15 His Honour, when referring to the necessity for deterrence in the particular case, said the following:-
- “I need, of course, in this particular case to deter Michael George Marshall from further offending in this way because the element of specific deterrence is present here. Mr Marshall, if he continued this type of conduct, would pass to another category which some people might describe as a predator. That is a person who habitually seeks out young men for the purpose of committing these offences.”
16 I do not apprehend that his Honour, in those remarks, was indicating that he had concluded that the applicant was a person who was presently dangerous to the community in that regard. However, I do apprehend that his Honour was having regard to the applicant’s past record of offences when he came to sentence for the present offences as indicating that the offender was not to receive such leniency as he might fully receive in the event that he had not such prior matters on his record as he has. His Honour had regard to the applicant’s personal circumstances and, in particular, that he suffered from an emotional disability for which he had been prescribed Lithium.
17 Our attention has been drawn to that matter today but it has not been submitted that his Honour there fell into such error as would warrant the court interfering with the sentence in the way in which his Honour had referred to that matter.
18 What has been submitted, shortly, is that the starting point for his Honour’s sentence, whatever that may mean in the context of this case, of nine years was too high and, thus, the result was too high. It was submitted that there was an effective sentence of five and a half years for this offence, that the totality of sentence, having regard to the course his Honour took in relation to the suspended sentence and the recognisance, produced a total sentence of seven years four months with a minimum term of five years seven months taking into account the periods in custody prior to the imposition of each sentence.
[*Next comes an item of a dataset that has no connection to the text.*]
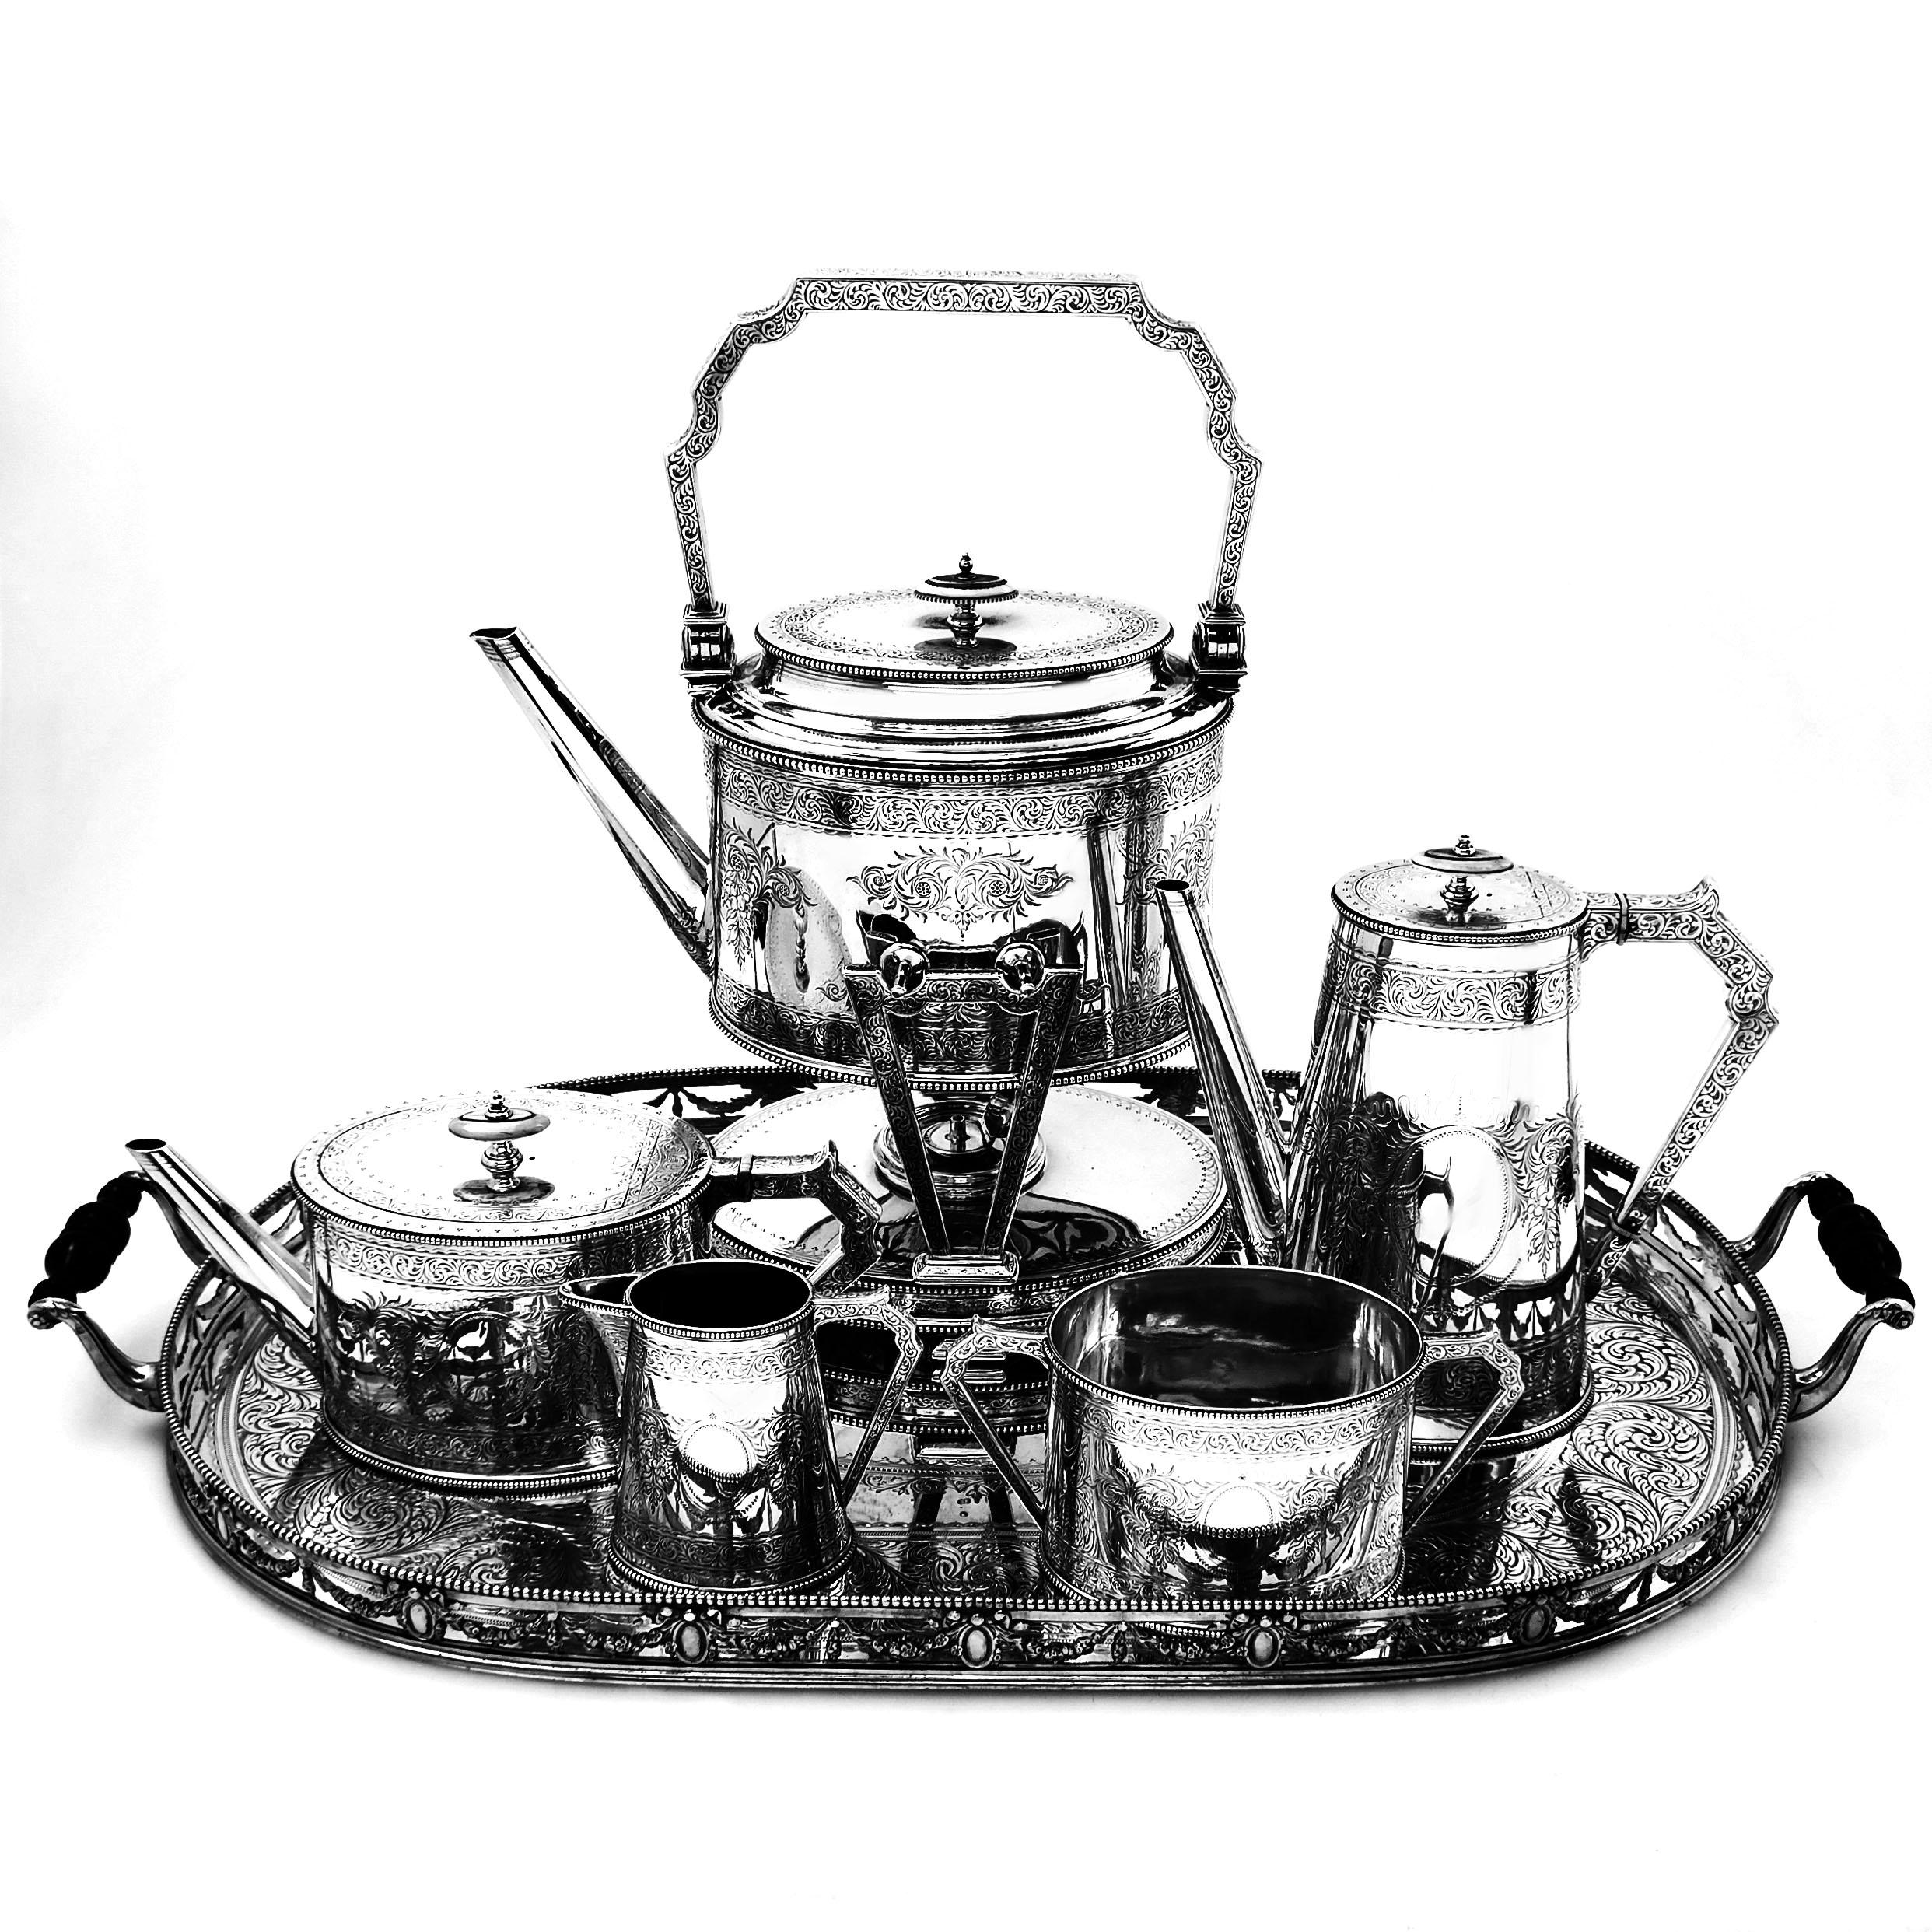 A magnificent Antique Victorian Sterling Silver Tea and Coffee Set on an impressive matching Tray. The Set comprises of a tea pot, coffee pot, hot water kettle on stand with original burner, a milk / cream jug, sugar bowl and large serving tray. The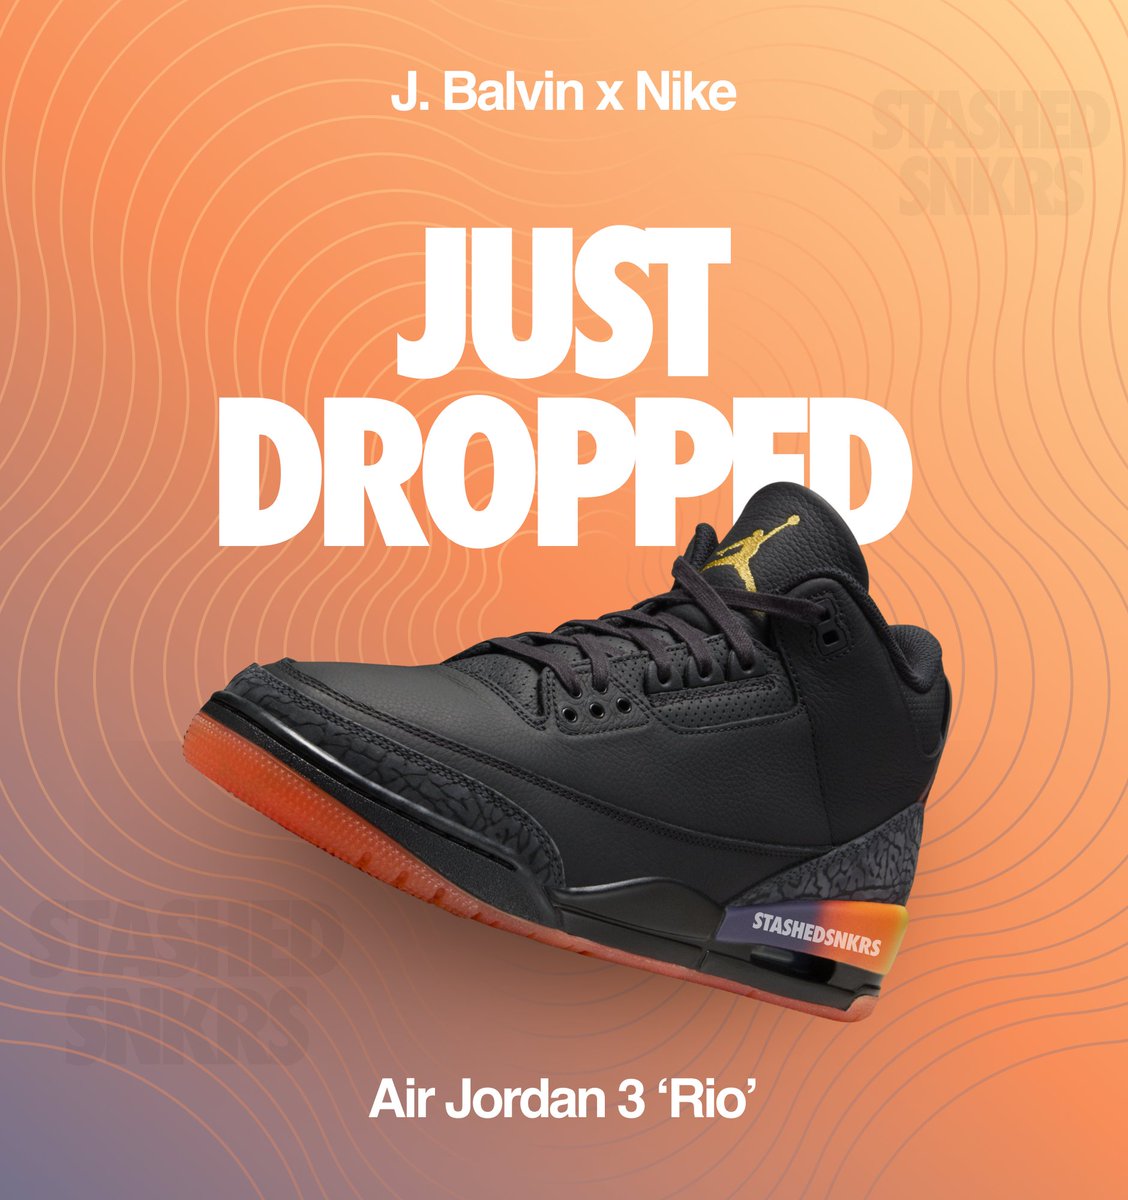 The J Balvin x Air Jordan 3 ‘Rio’ just dropped on the SNKRS App via SNKRS Pass in Milan. 🇮🇹 If you were a Stashed member, you had an early heads-up. The SNKRS Pass went live at 10:15 AM CET and pickup is tomorrow, were you able to secure a pair⁉️

19 It is conceded, however, that his Honour acted entirely appropriately in the exercise of his discretion when dealing with the breaches of recognisance to which I have referred. When one has regard to the concurrence of the sentences imposed, in my mind I am assisted little by the submission concerning the submitted total effective sentence because, if one looks to this offence rather than looking to the sentences imposed for the matters before the other District Court judge, one notes that this sentence is a head sentence of five and a half years with a non parole period of three years six months.
20 It is submitted that this sentence was excessive on its face even in the circumstances of the prior offences. I do not accept that submission. It is only in the event that some other sentence is warranted in law and should have been passed that this court, under s6(3) of the Criminal Appeal Act 1912 should interfere. There needs to be some such error of discretion as shows that the sentence exceeds the permissible range available for a sentencing judge having regard to all the circumstances.
21 I am unpersuaded that his Honour fell into error in this way. I do not conclude that there is warranted in law some other sentence which should have been passed. The continued offending in this way was appropriately marked by his Honour by the sentence his Honour passed. In my view, since the matter has been fully argued, the application for leave should be granted but the appeal dismissed.
22 SPERLING, J: I agree. The orders of the court will be as proposed by Greg James, J.